— Work item —
No pictures belong in the copy. Retype exactly, and only, the stretch of lines below from the one with "Blog at Cypress" through the one with "Malvorlagen Mandala Blumen".

— Source material —
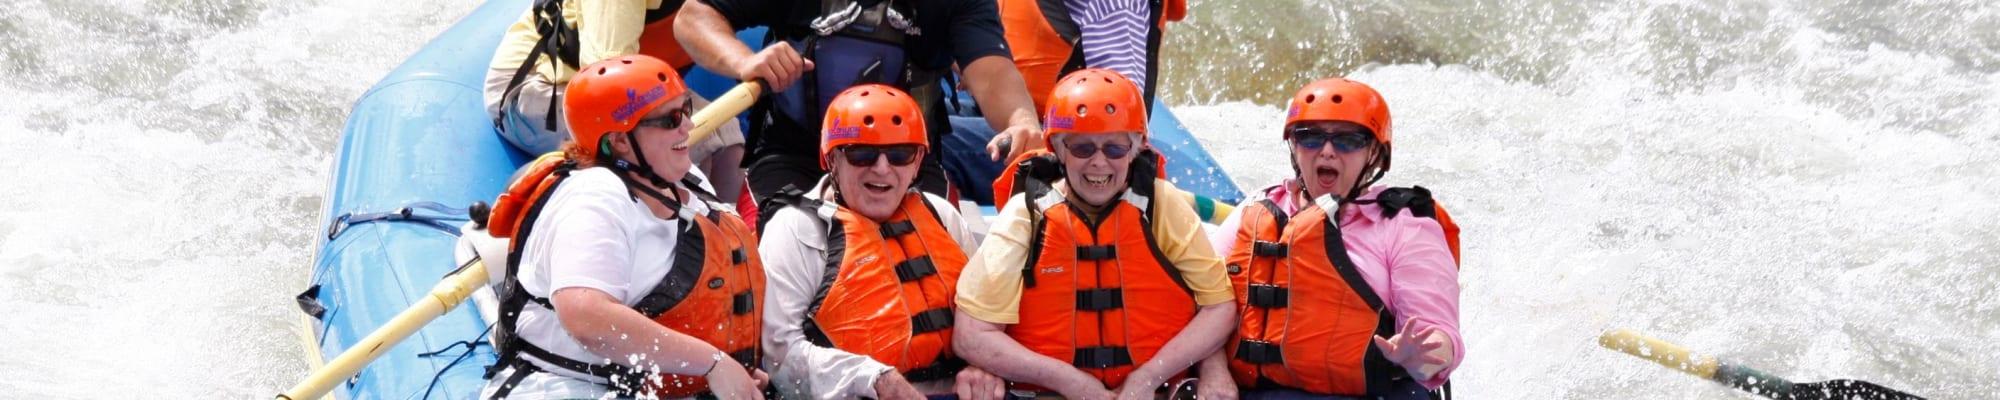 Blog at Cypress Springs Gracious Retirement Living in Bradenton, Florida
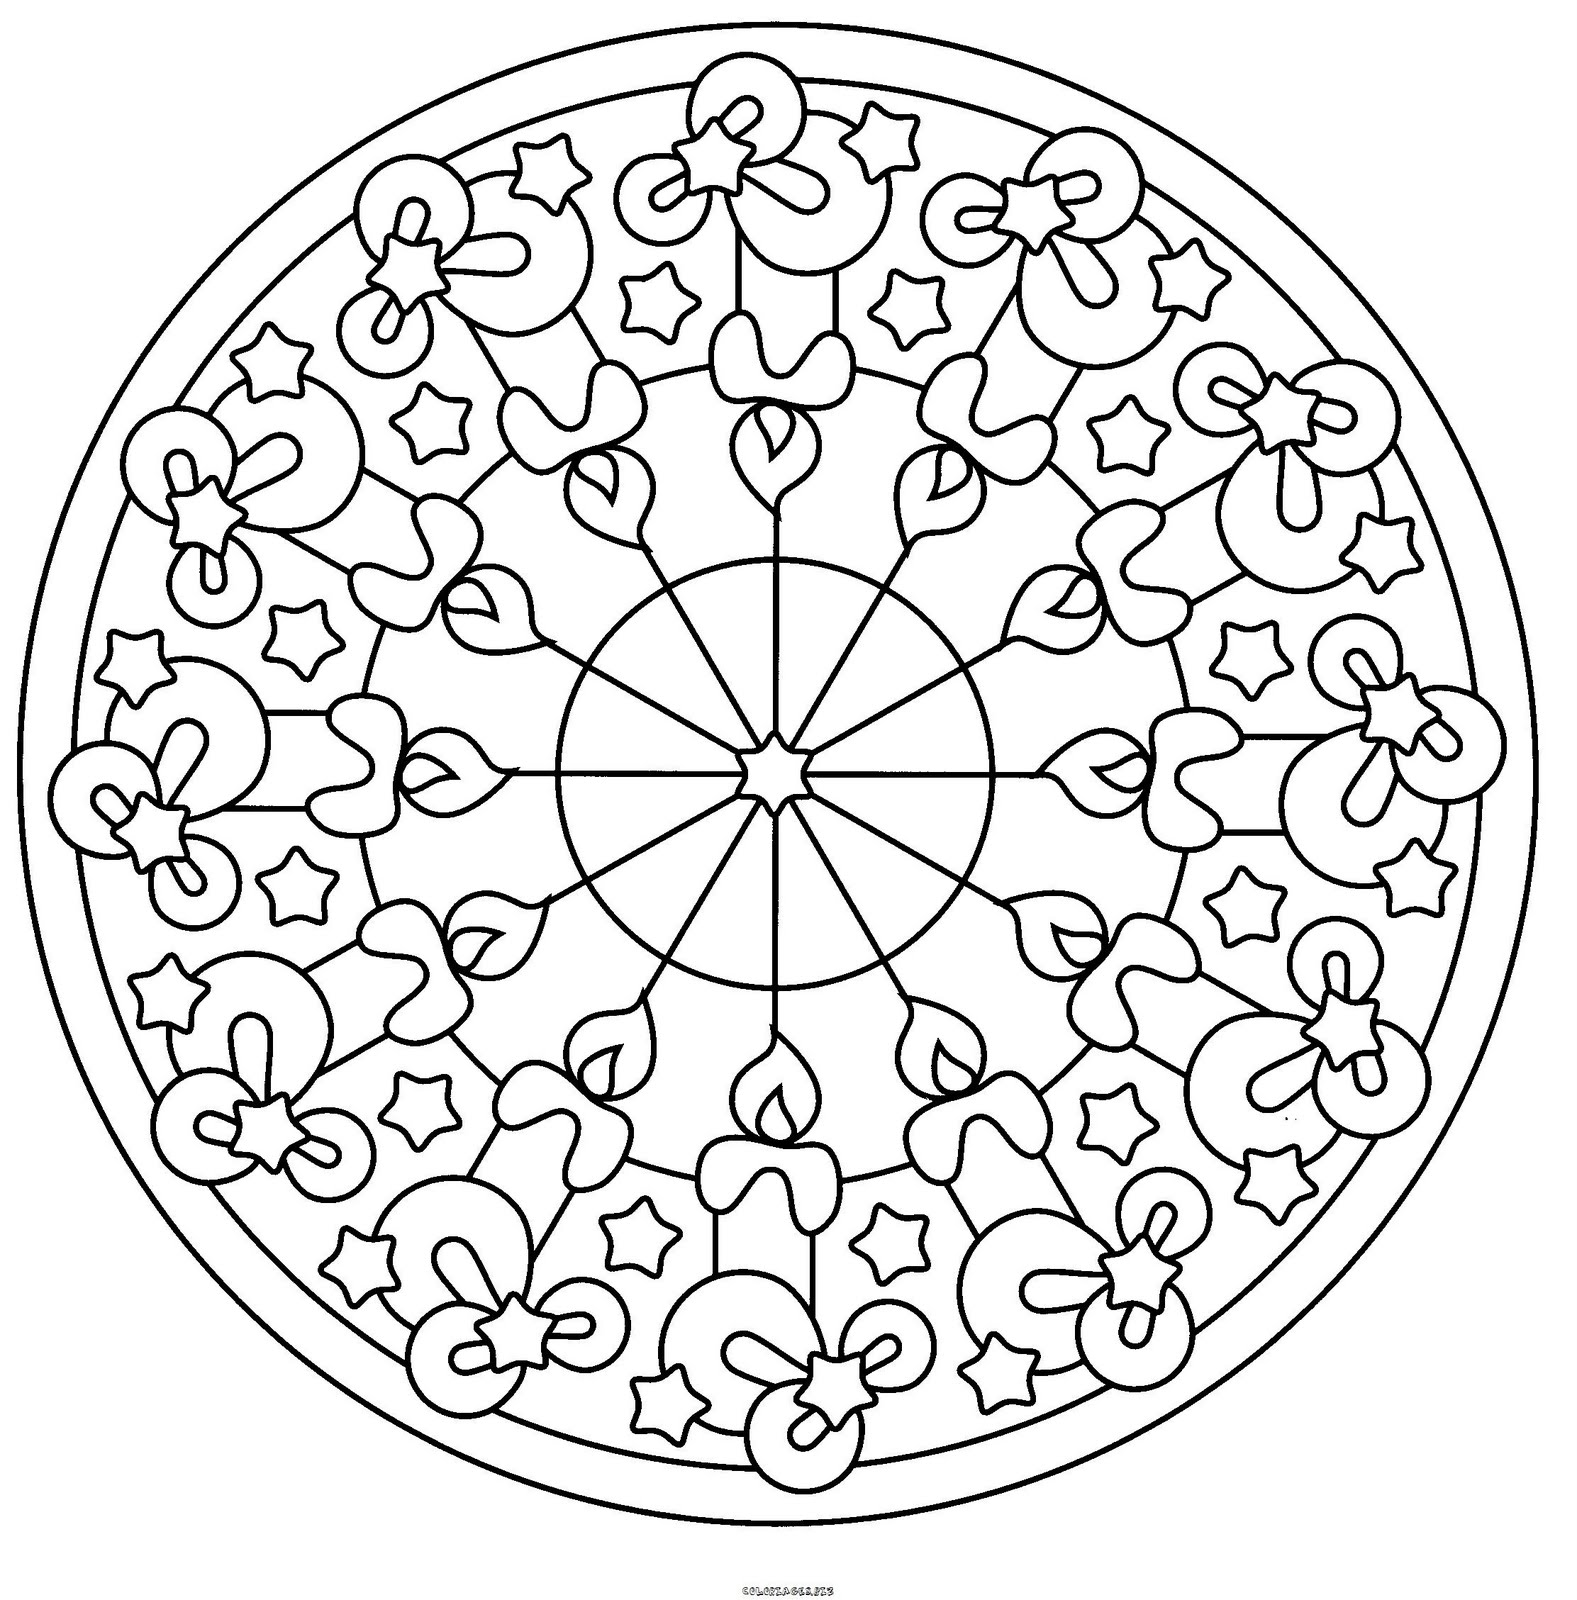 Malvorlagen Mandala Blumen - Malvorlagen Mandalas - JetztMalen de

* * *

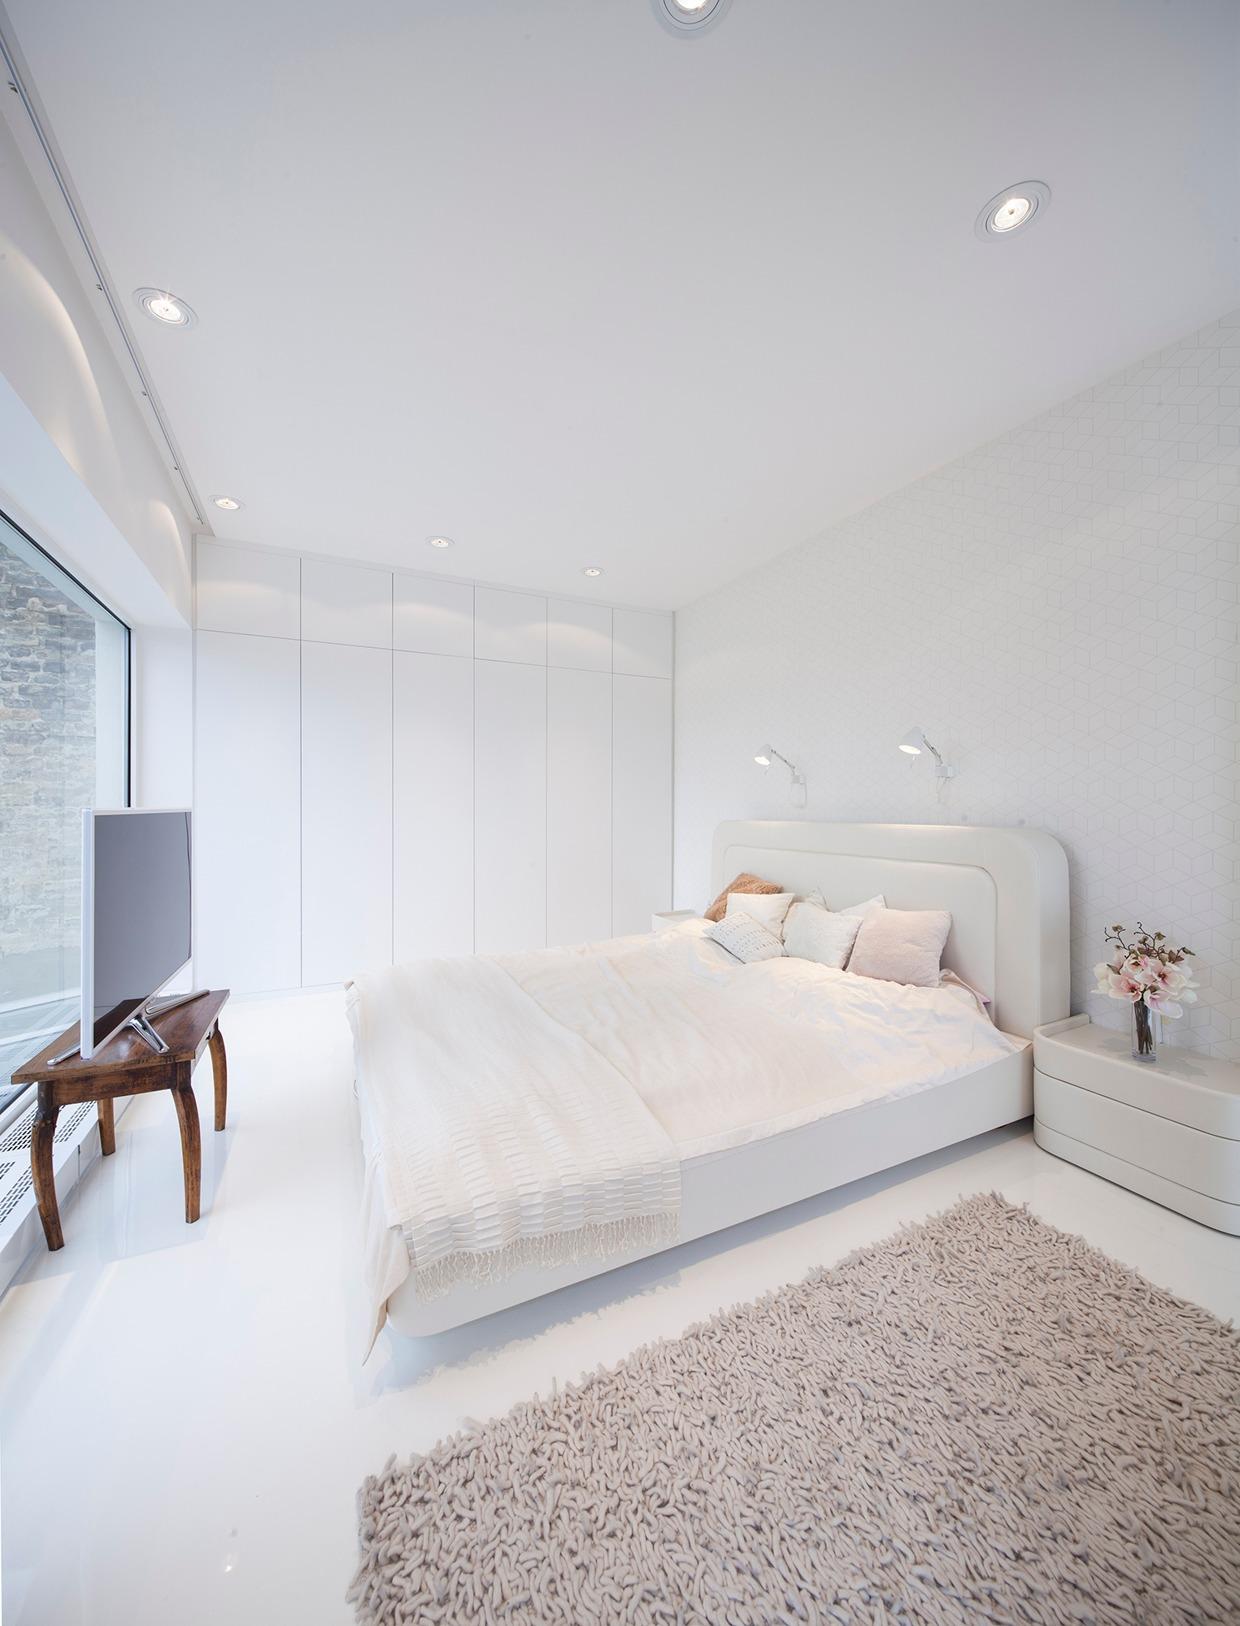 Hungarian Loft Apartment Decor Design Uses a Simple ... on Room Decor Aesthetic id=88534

...

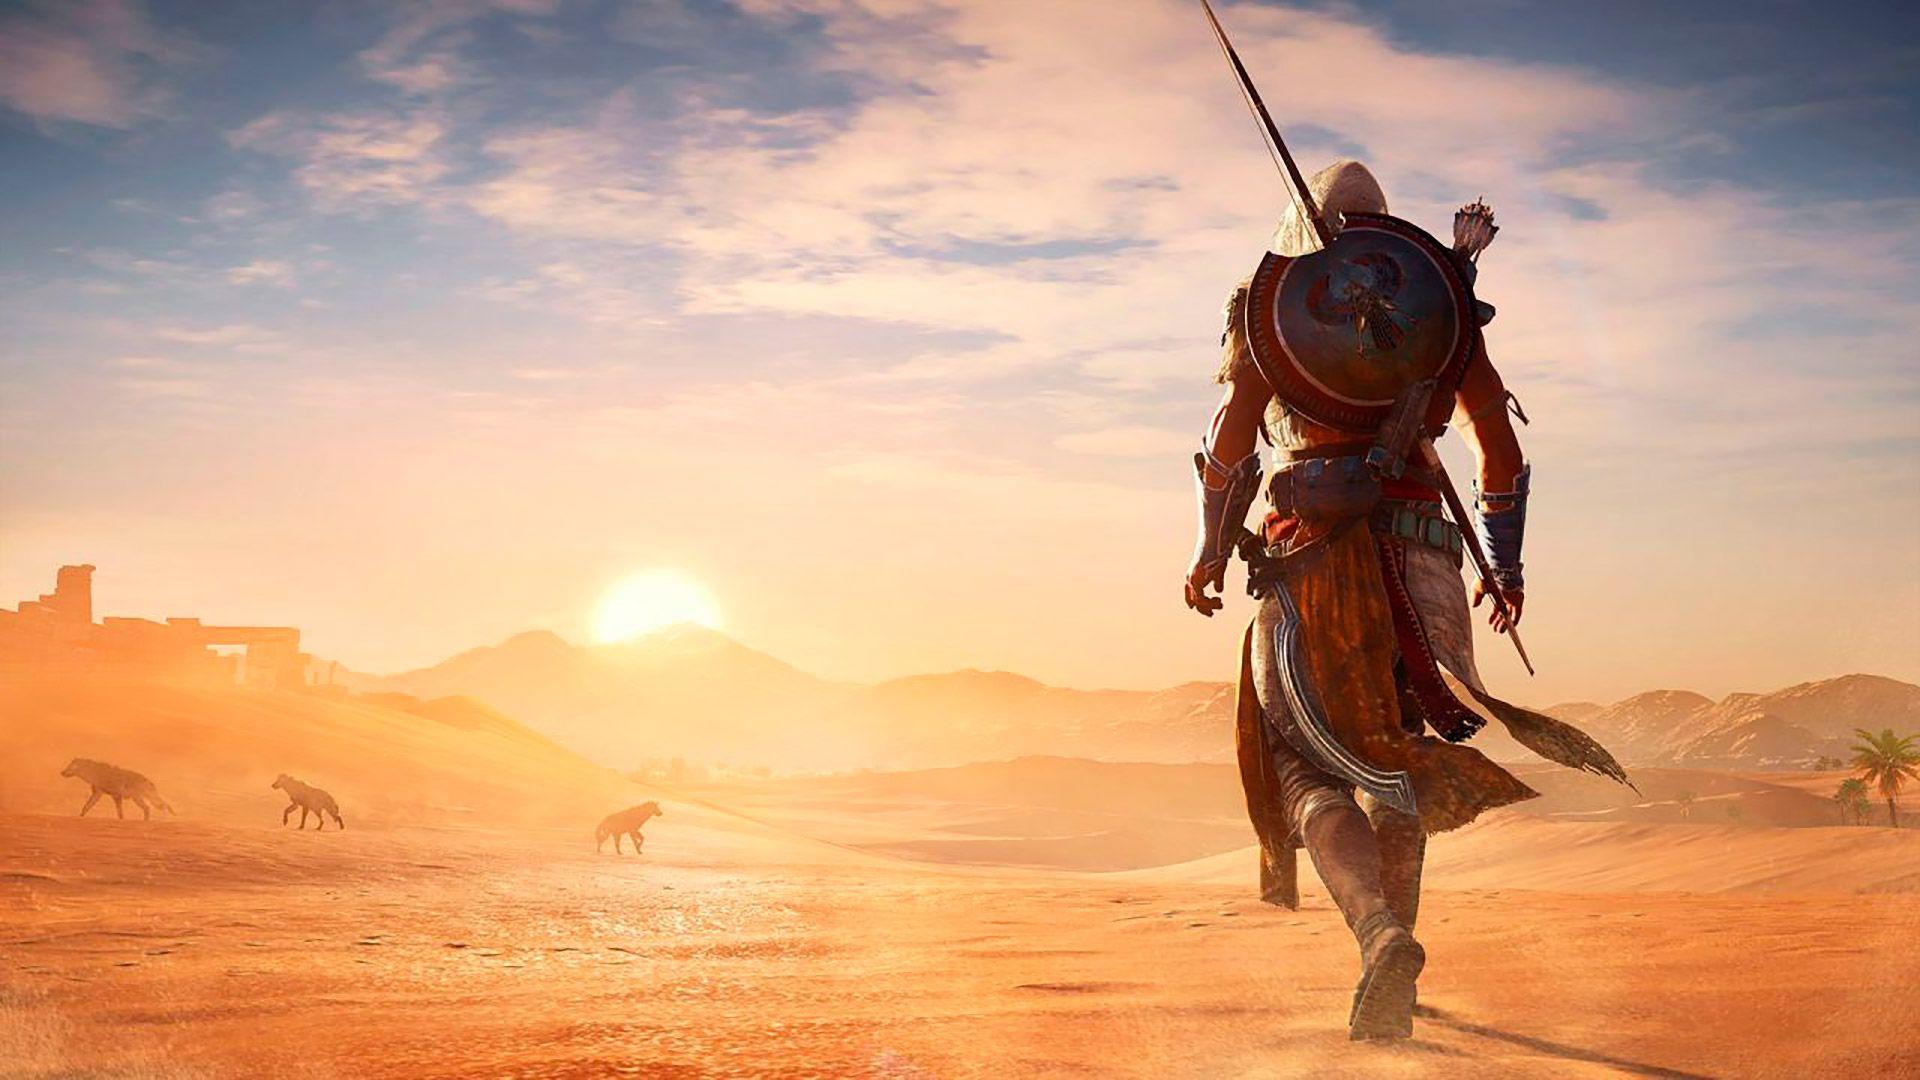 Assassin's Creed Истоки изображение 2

— Solution to this task —
 Blog at Cypress Springs Gracious Retirement Living in Bradenton, Florida
 Malvorlagen Mandala Blumen - Malvorlagen Mandalas - JetztMalen de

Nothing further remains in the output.